Figure 4. CD36 expression is necessary and sufficient to modulate adipocyte differentiation and matrix accumulation in vitro

(A&B: left panels) Representative bright field images (10×) of shLuc, shCD36, vector or CD36 OE cells, under proliferative (ctl) or adipocyte differentiation (+PJ2) conditions for 7 days and assessed for adipocyte formation by Oil Red O staining. (A&B: right panels) Average and SEM of Oil Red O staining per cell. (C) Representative fluorescent images (10×) of shLuc, shCD36, vector and CD36 OE cells grown for 5 days and assessed for accumulation of matrix proteins COL1A1, FN1 and OPN. (D) Average and SEM of staining per cell expressed as signal ×10⁴.

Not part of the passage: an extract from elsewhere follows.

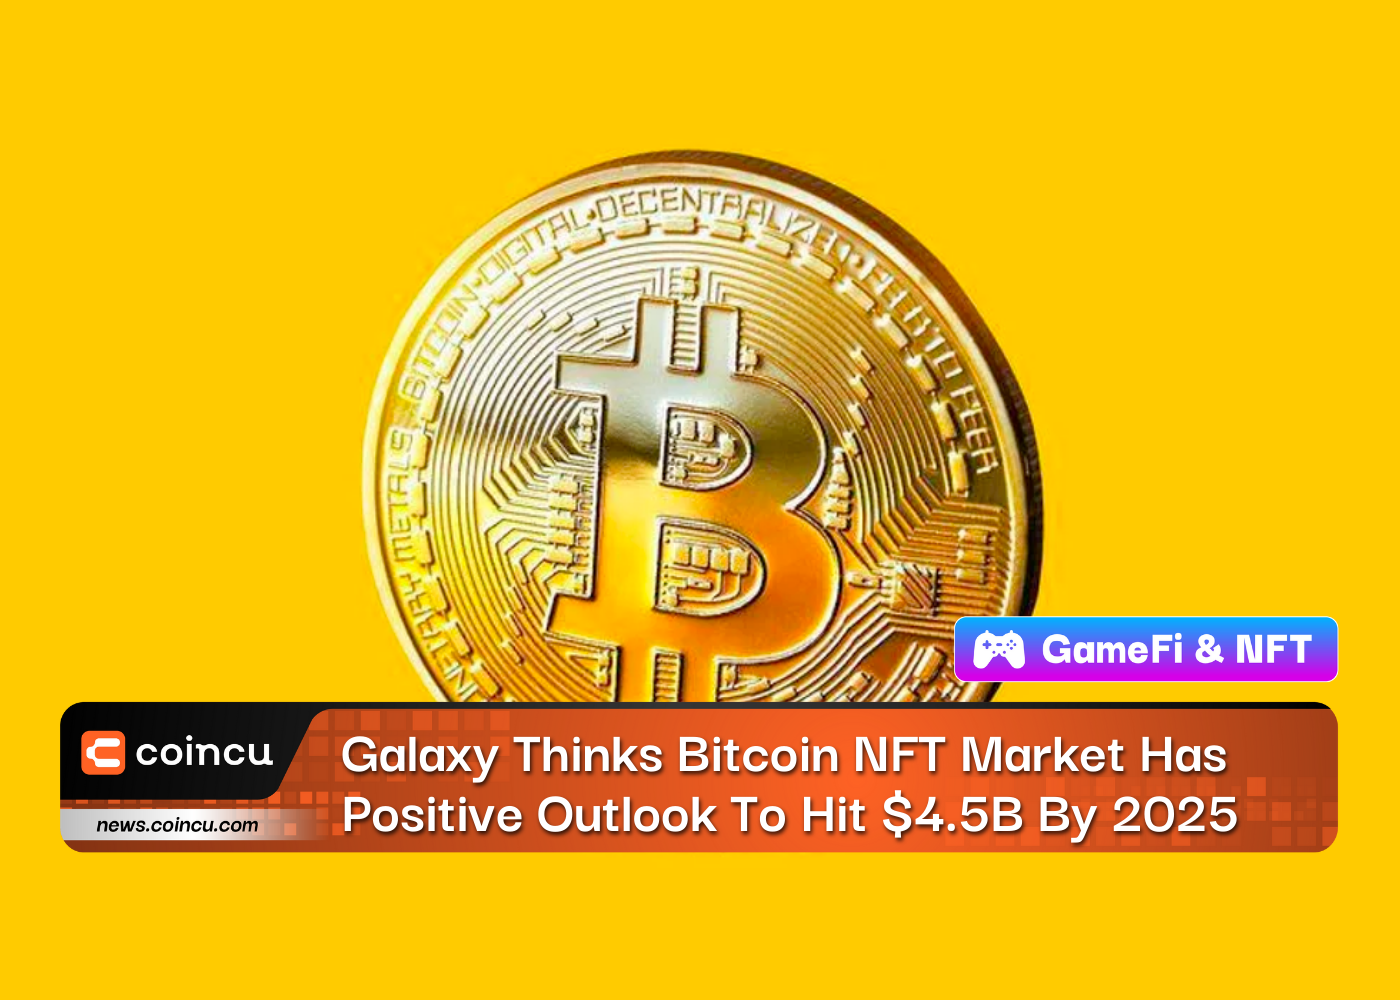 Galaxy считает, что рынок биткойнов NFT имеет положительный прогноз и достигнет 4.5 миллиардов долларов к 2025 году

Figure 5. Cd36 knockout mice phenocopy human high MD and desmoplastic tissues

Representative bright field images (10×) of #4 mammary gland paraffin sections from either WT (n=7) or CD36 KO (n=5) mice stained with Masson’s Trichrome (A), or for COL1A1 (D, left panel) and FN1 (E, left panel). Average and SEM of fat cell area (B), or percent area of either matrix staining (C), COL1A1 staining (D, right panel) or FN1 staining (E, right panel).

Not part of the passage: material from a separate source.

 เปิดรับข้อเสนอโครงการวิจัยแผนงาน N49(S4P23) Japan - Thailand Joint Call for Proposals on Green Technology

Figure 6. CD36 expression is coordinately regulated in multiple cellular compartments

(A) Left panels: representative bright field images (20×) of paraffin sections from 13 LD and 14 HD tissues stained for CD36. Right panel: average and SEM of CD36 signal per cell. (B) Representative bright field images (5×) of paraffin sections with tumor (CA) and normal adjacent (NA) tissue from 8 ER+ tumors, 6 HER2+ tumors and 6 triple negative (TN) tumors stained for CD36. (C) Average and SEM of CD36 signal per cell for each tumor subtype. (D) Left panels: representative bright field images (20×) of paraffin sections from 21 LD and 14 HD ER+ IDC patients stained for CD36. Right panel: average and SEM of CD36 signal per cell.

Figure 7. CD36 expression in tissue adjacent and distal to the tumor

(A–C) Left panels: representative bright field images (20×) of paraffin sections with tumor (CA) and normal adjacent (NA) tissue or with normal distal (ND) tissue from 3 mastectomies stained for CD36. Right panels: average and SEM of CD36 signal per cell.